Task directions
From the first line to the last, transcribe the data exactly and skip the pictures.

Source data
· · · · ·
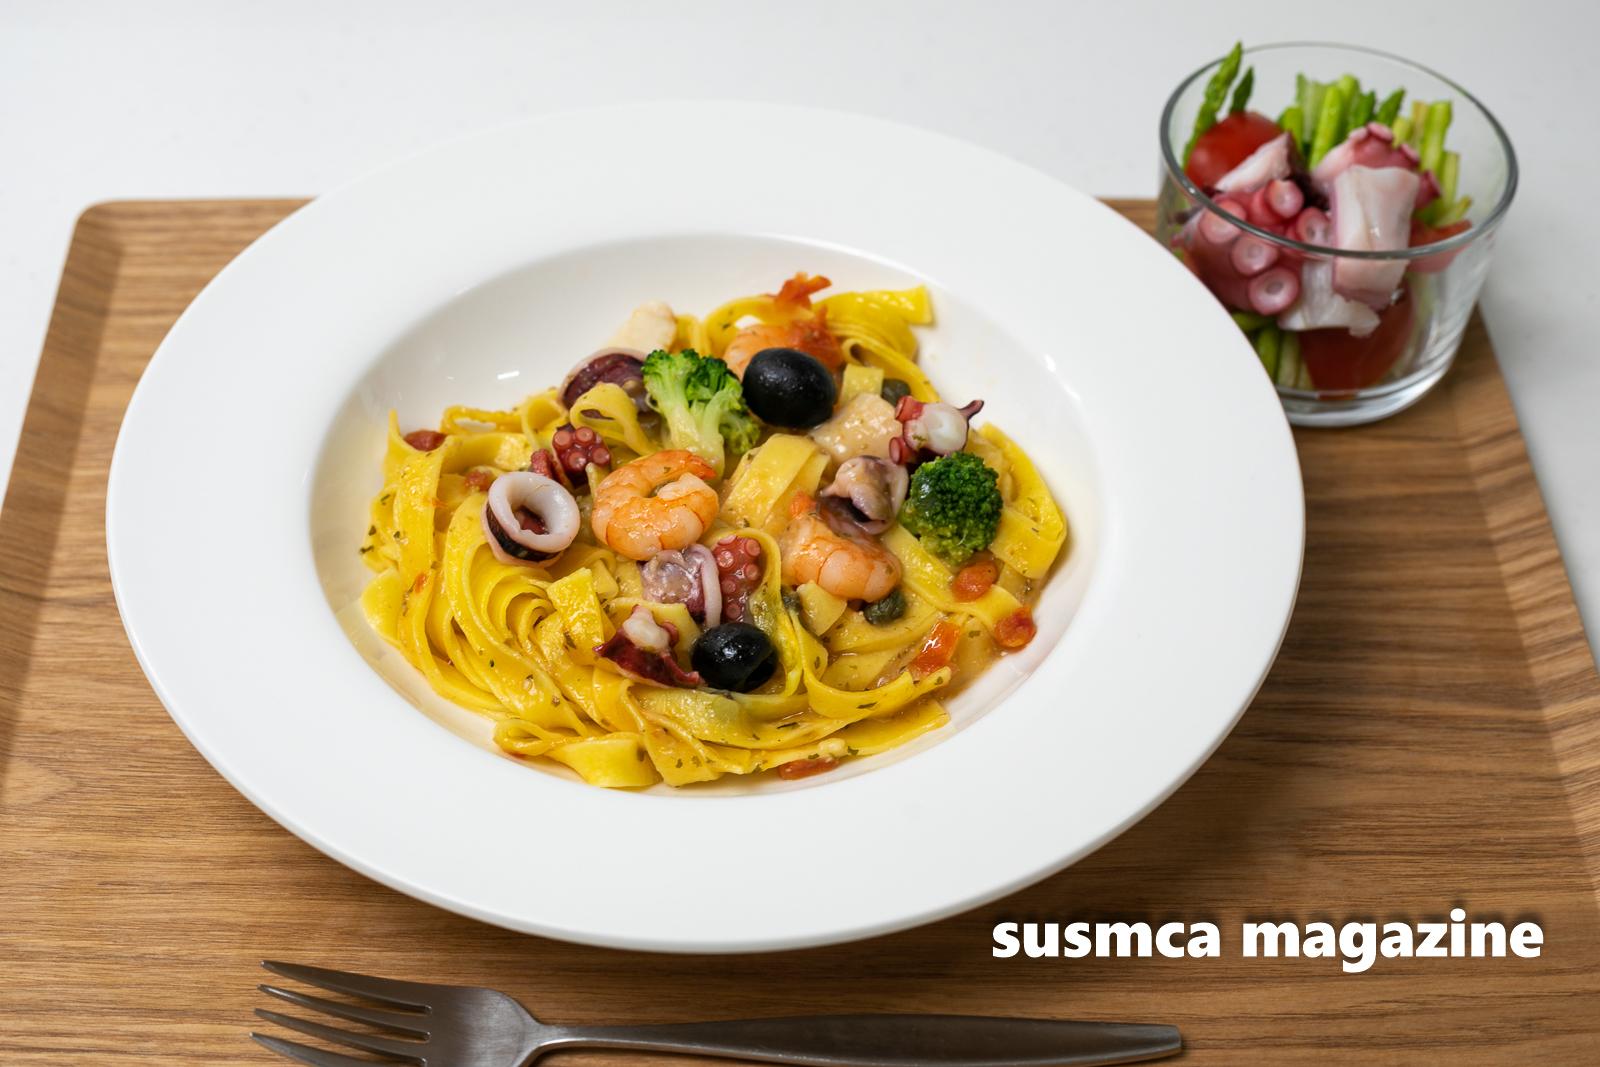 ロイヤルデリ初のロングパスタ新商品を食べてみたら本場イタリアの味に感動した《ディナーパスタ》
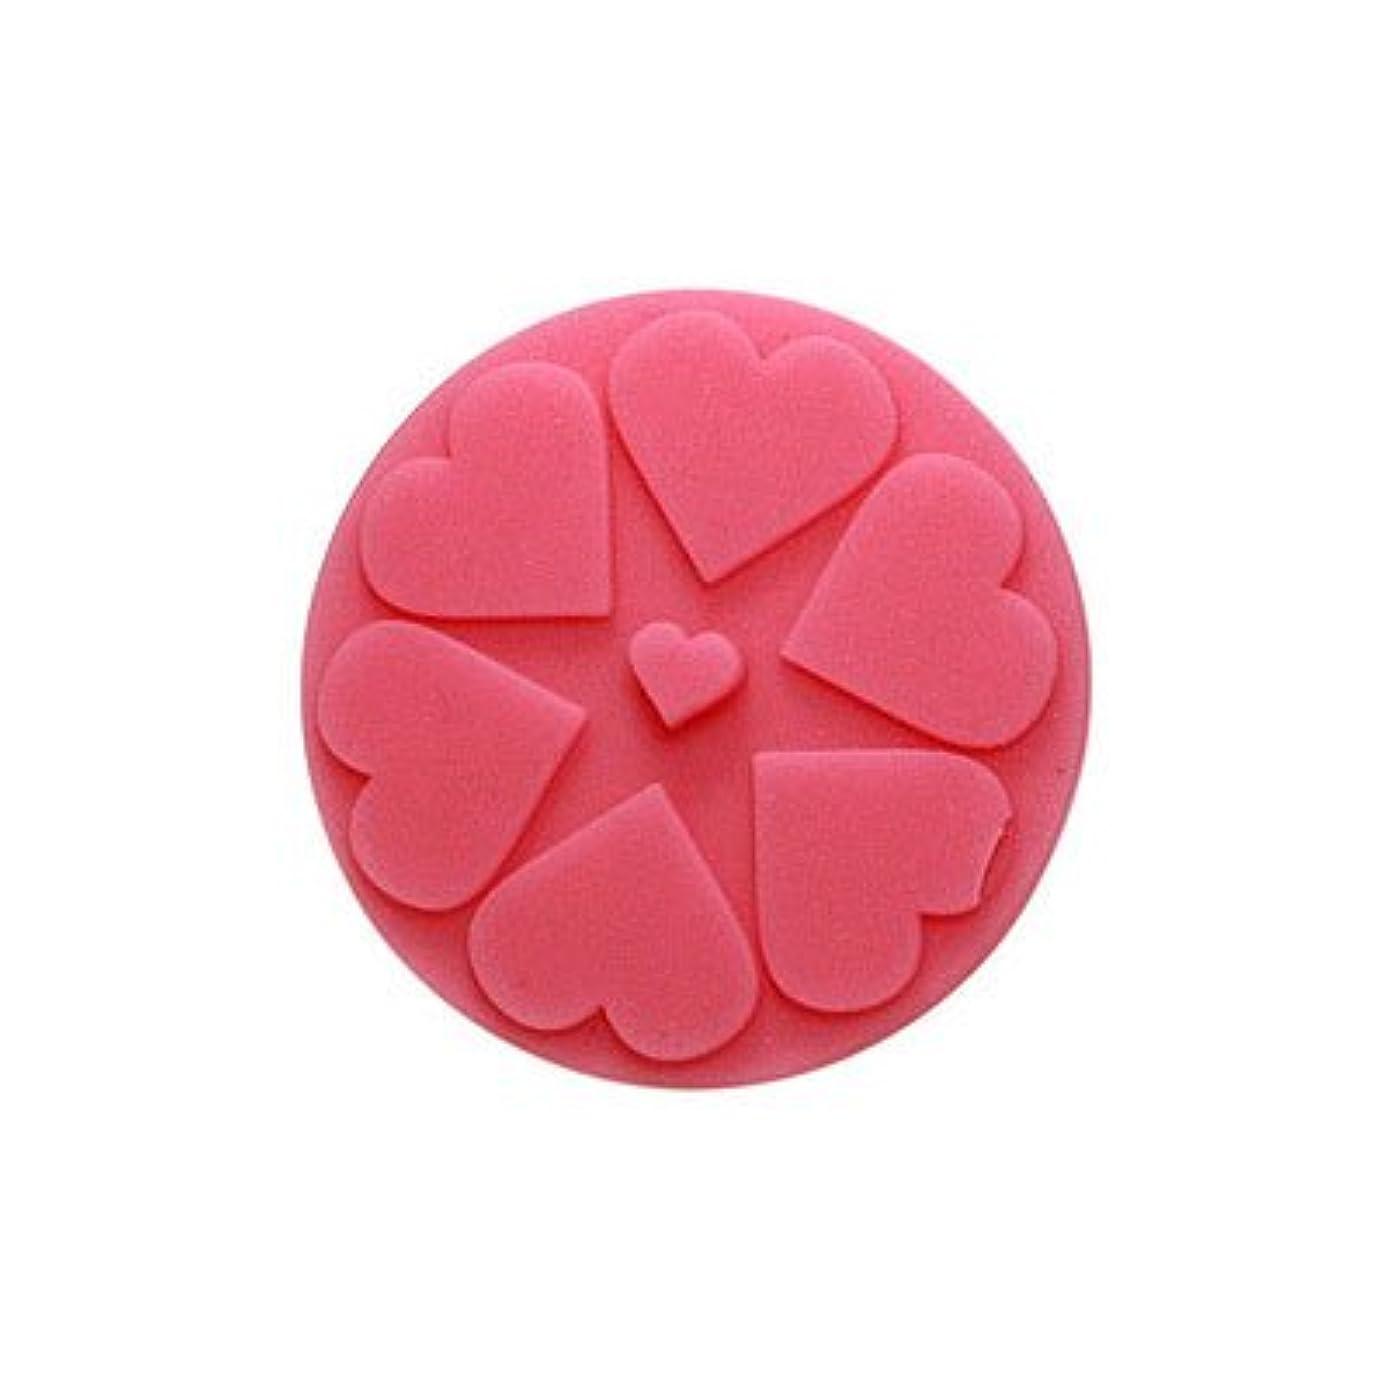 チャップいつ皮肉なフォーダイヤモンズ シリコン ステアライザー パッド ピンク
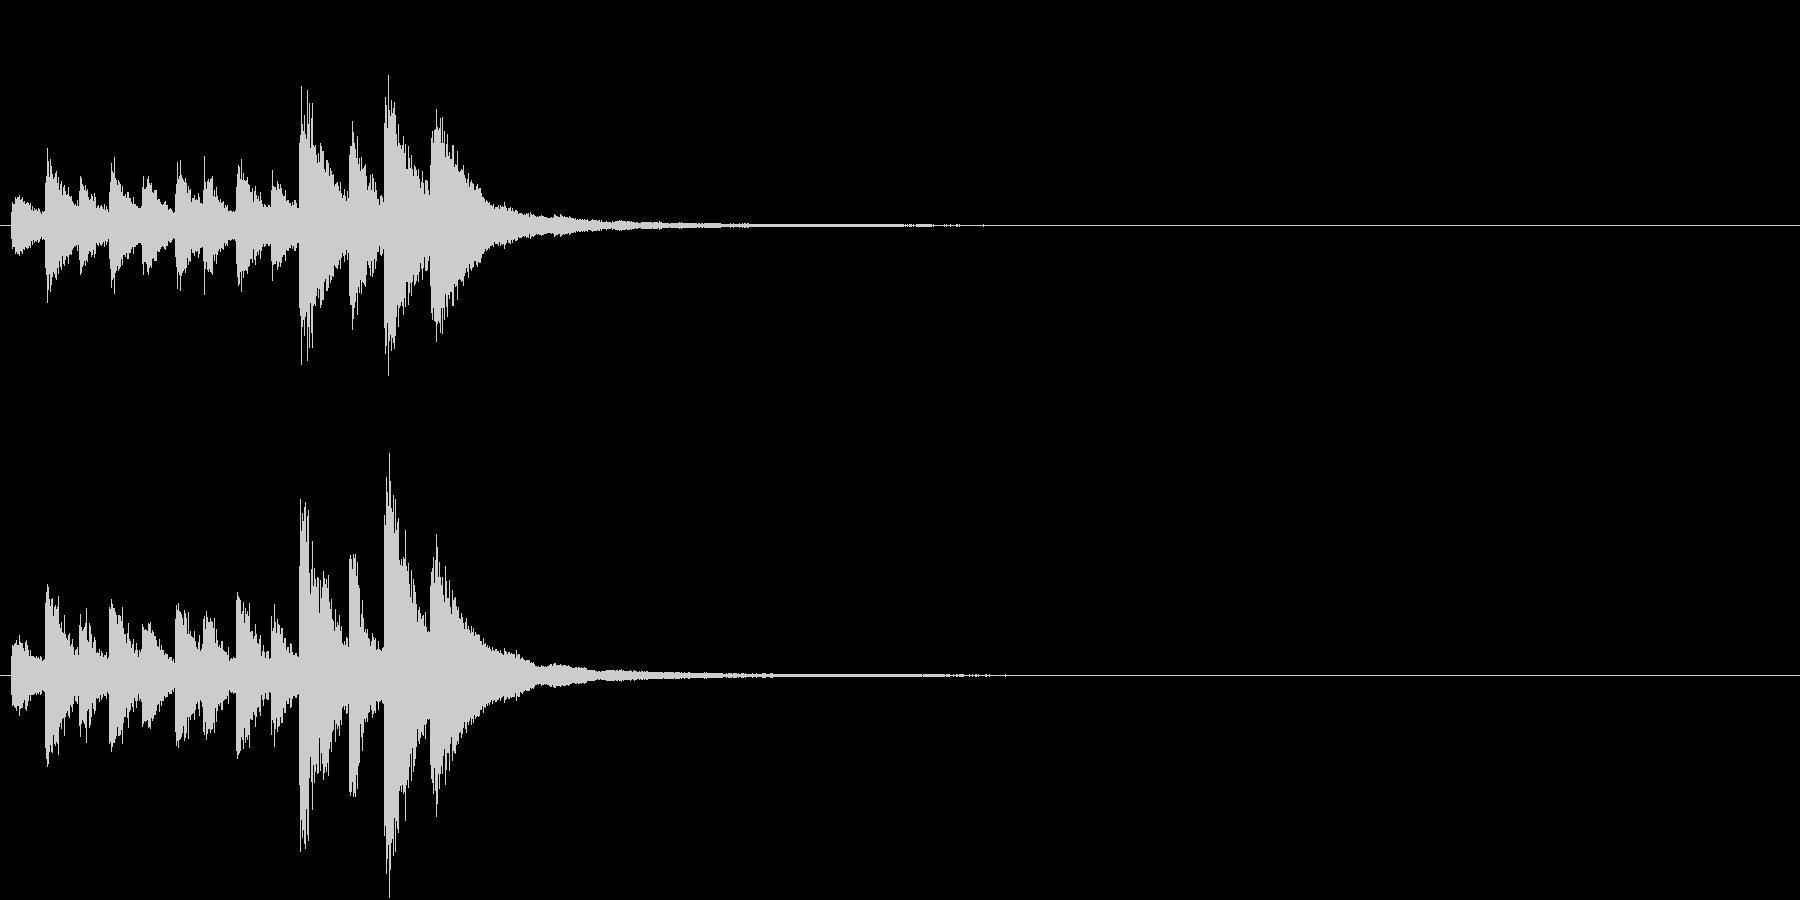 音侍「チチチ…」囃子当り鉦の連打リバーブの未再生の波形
· · · · ·
Exercise result
 ロイヤルデリ初のロングパスタ新商品を食べてみたら本場イタリアの味に感動した《ディナーパスタ》
 チャップいつ皮肉なフォーダイヤモンズ シリコン ステアライザー パッド ピンク
 音侍「チチチ…」囃子当り鉦の連打リバーブの未再生の波形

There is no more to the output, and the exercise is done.